I "ran" two miles on the elliptical machine today, at the gym.  It is always so hard to get up early in the morning to go there, it is not where I belong.

There is a man and an old lady whom I see every single time I am at the gym, and I go at different times, so why are they always there?  The old lady is always walking very slowly on a treadmill and the man is always standing talking to some poor person who is trying to exercise.  And no, he is not the trainer or the person on duty.  All those people wear special t-shirts so you know who they are in case you need to ask questions or be rescued from weights or something.  It is a mystery. 

We live close to the Essex River, a serpentine tidal river stretching sinuously from our town to its mouth into the great Atlantic, from which our town gets it name.  Recently it has been covered in ice. 

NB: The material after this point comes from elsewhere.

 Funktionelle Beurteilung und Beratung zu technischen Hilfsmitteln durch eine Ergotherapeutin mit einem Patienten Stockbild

The meandering Essex River. Panoramas taken a week apart, from the same vantage point.
There are many words in the English language.  It has the most words of any language because of its origins, as it subsumed foreign words as it grew like a large organic creature swallowing everything in its path.  The Oxford English Dictionary describes it in a more polite, mathematical way: "The Vocabulary of a widely diffused and highly cultivated living language is not a fixed quantity circumscribed by definite limits... there is absolutely no defining line in any direction: the circle of the English language has a well-defined centre but no discernible circumference."  A beautiful concept, exquisitely explained.

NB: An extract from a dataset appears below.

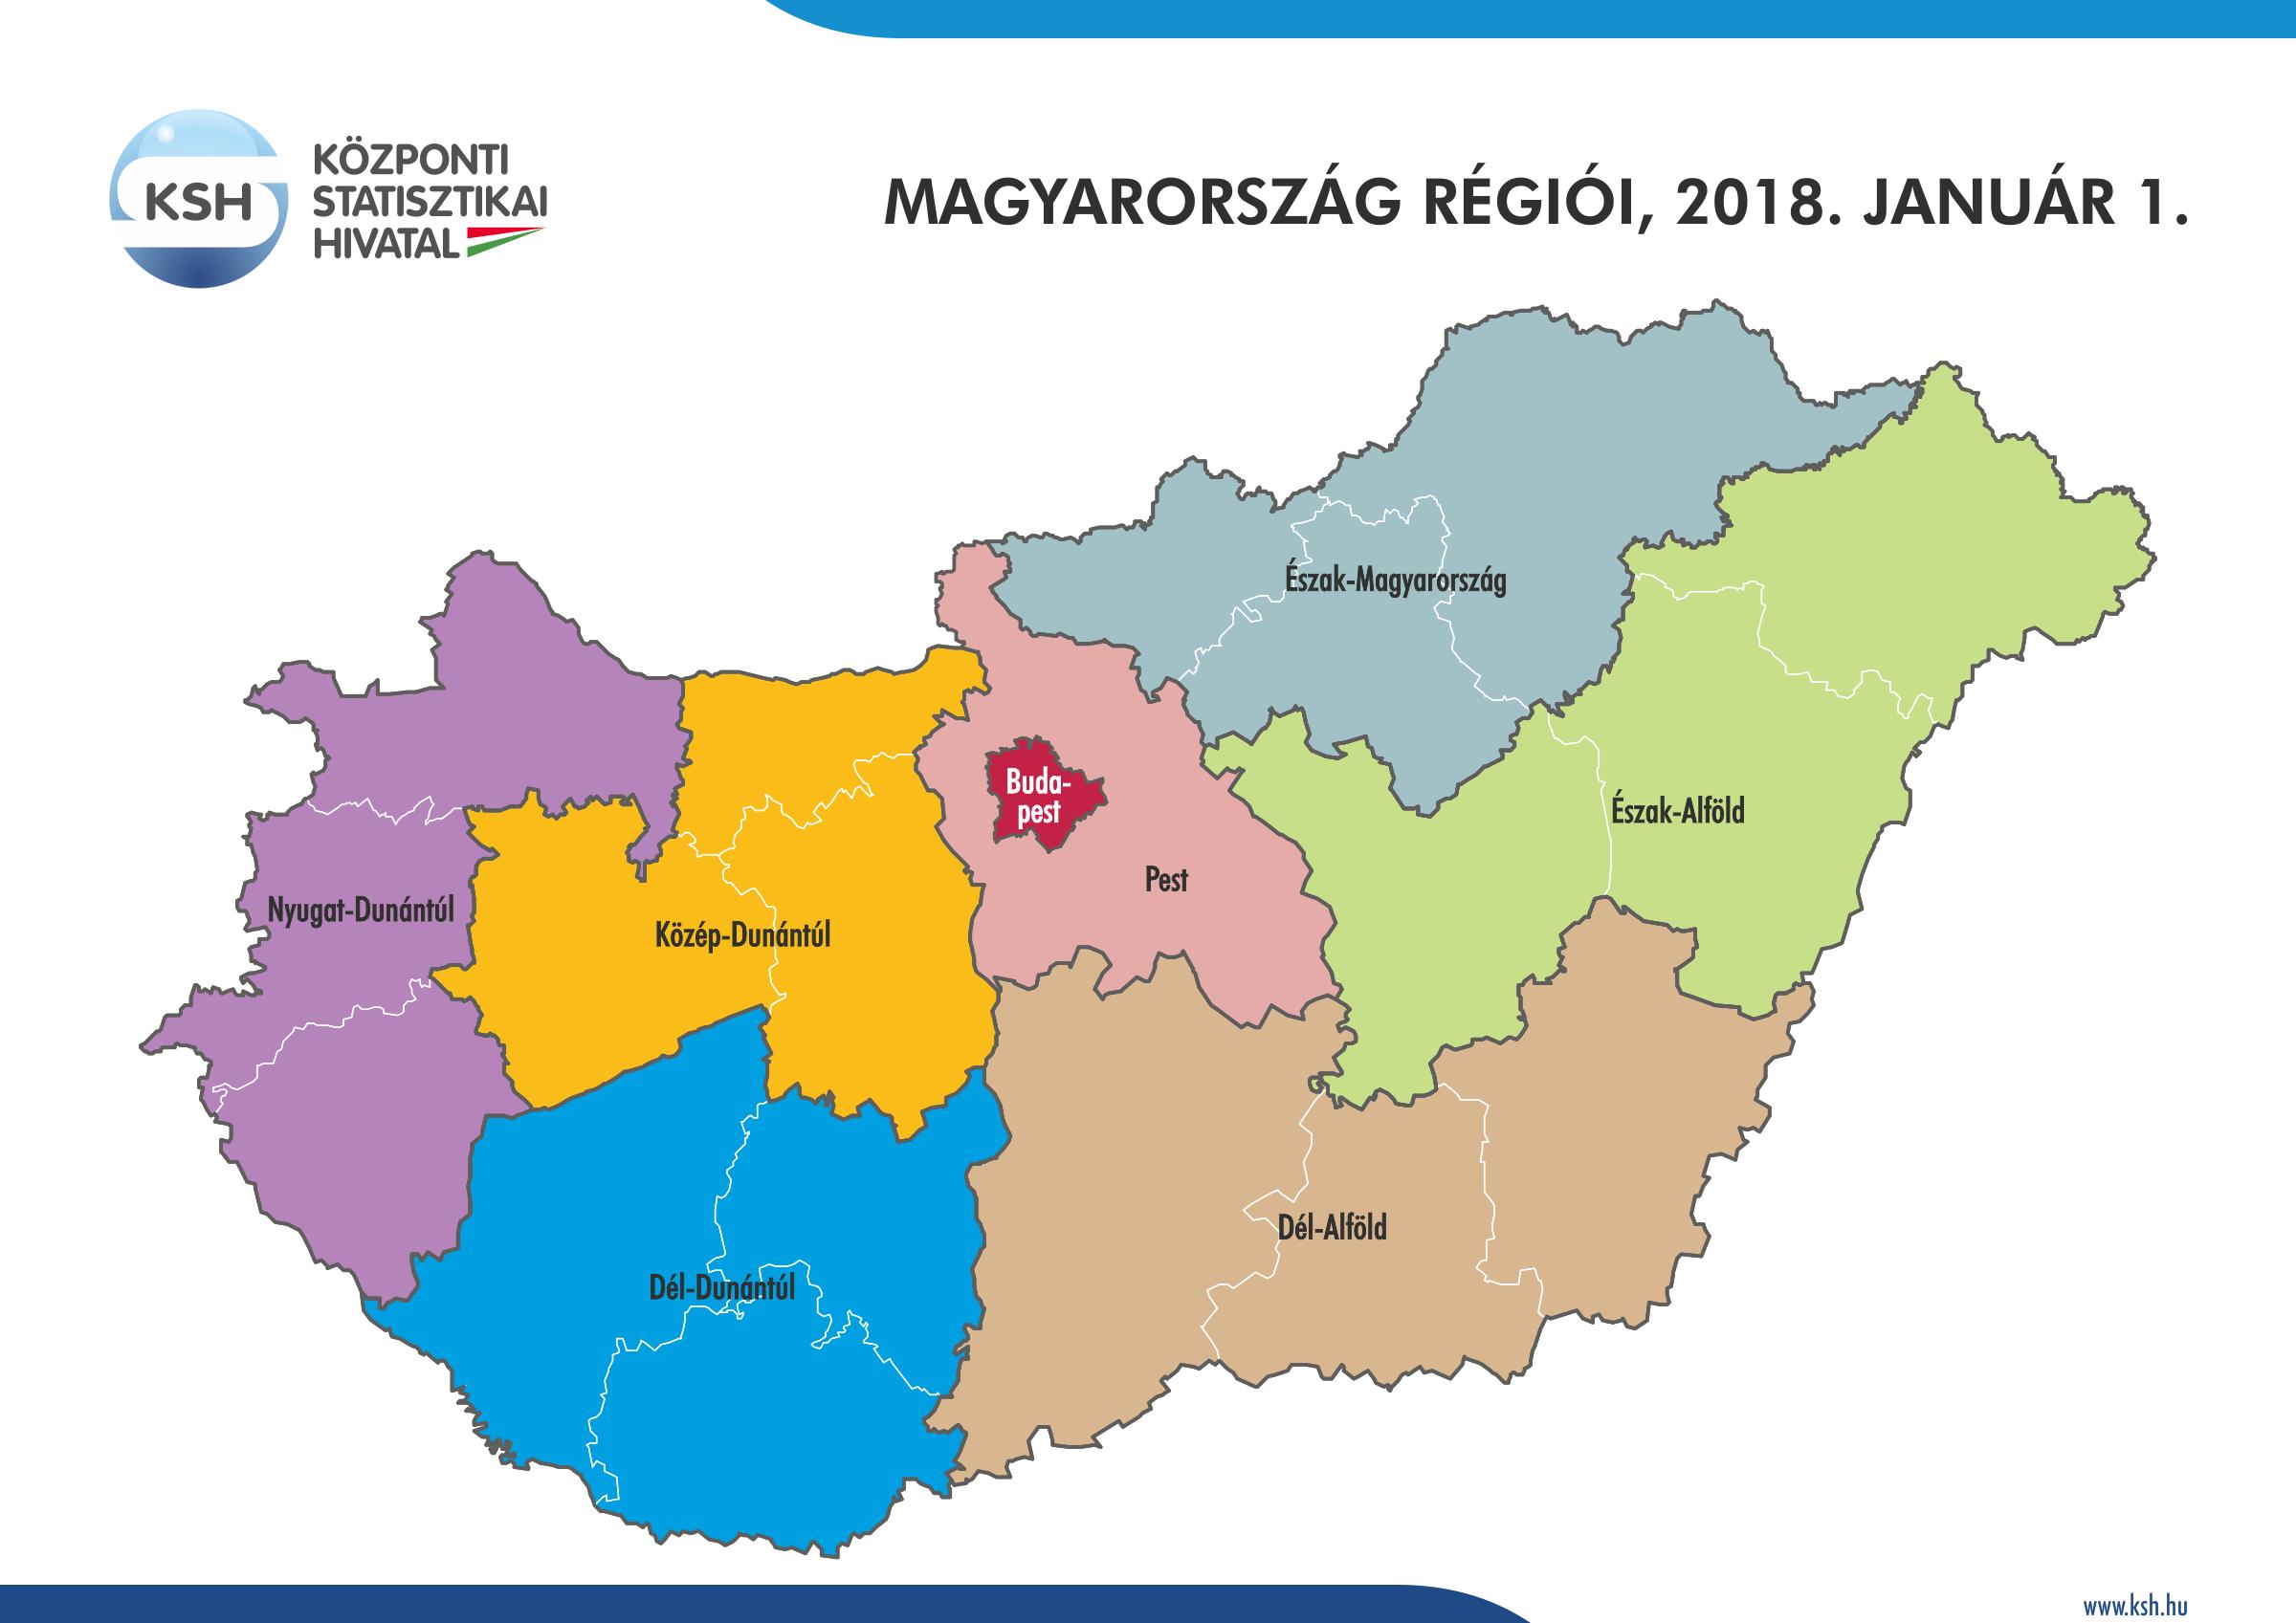 magyarország régiói térkép Központi Statisztikai Hivatal magyarország régiói térkép

I love my language and studied it formally for years. Even grammar fascinates me, syntax, structure, the theory of it all.  I can be reduced to tears by a line of a poem, or touched by words uttered by my husband or children. I can sink into a book until I am in that world of words, so far removed from the ordinary present world.  But there are many experiences for which there is no language, or there are only limited words.  Perhaps we don't know enough words, our vocabularies are too small.  Out of the 1,022.000 English words, estimated by the people of Google, we only maintain a small percentage in our brains.  And although as human beings we use language to express ourselves and communicate with one another, although we use the same word, for example, the word "love", we probably all mean very different things when we say it.  We can't even be sure that when we say "That is a yellow wall", we are seeing the exact same colour.

Matthew and Nick were my last children to leave home, almost three years ago now.  Nick lives in the city, about 50 minutes' drive away.  Matt lives a bit further, just over 2 hours' drive from our home.  They are both away from home.  Each day I think of them, knowing that they are away, absent from my daily life.  I picture them in their rooms, walking, biking, taking classes, because I have visited them both and have these experiences to inform the pictures in my head.  But now Matthew is in Senegal, the "away" takes on a different meaning.  On the one hand he is still away from home, as he would be at university, but he is somehow more "away" because he is so far afield.  He is more "away" because I can't see where he is, I can only imagine the streets of Dakar, his room, his host family, his new friends, the classrooms. 

My daughters and granddaughters are away in a different, faraway sense too.  It is the nature of our "Global Village", some say, and yes, people move around so much these days, all over the earth, but I would prefer them in my real village, where I don't have to wait for my vacation days, buy an expensive ticket and get on a plane to go and see them.

And now I will go up to bed, so tired from shovelling snow, and more to come on Wednesday and Sunday!  And I will fade "away" into delicious sleep, perchance to dream.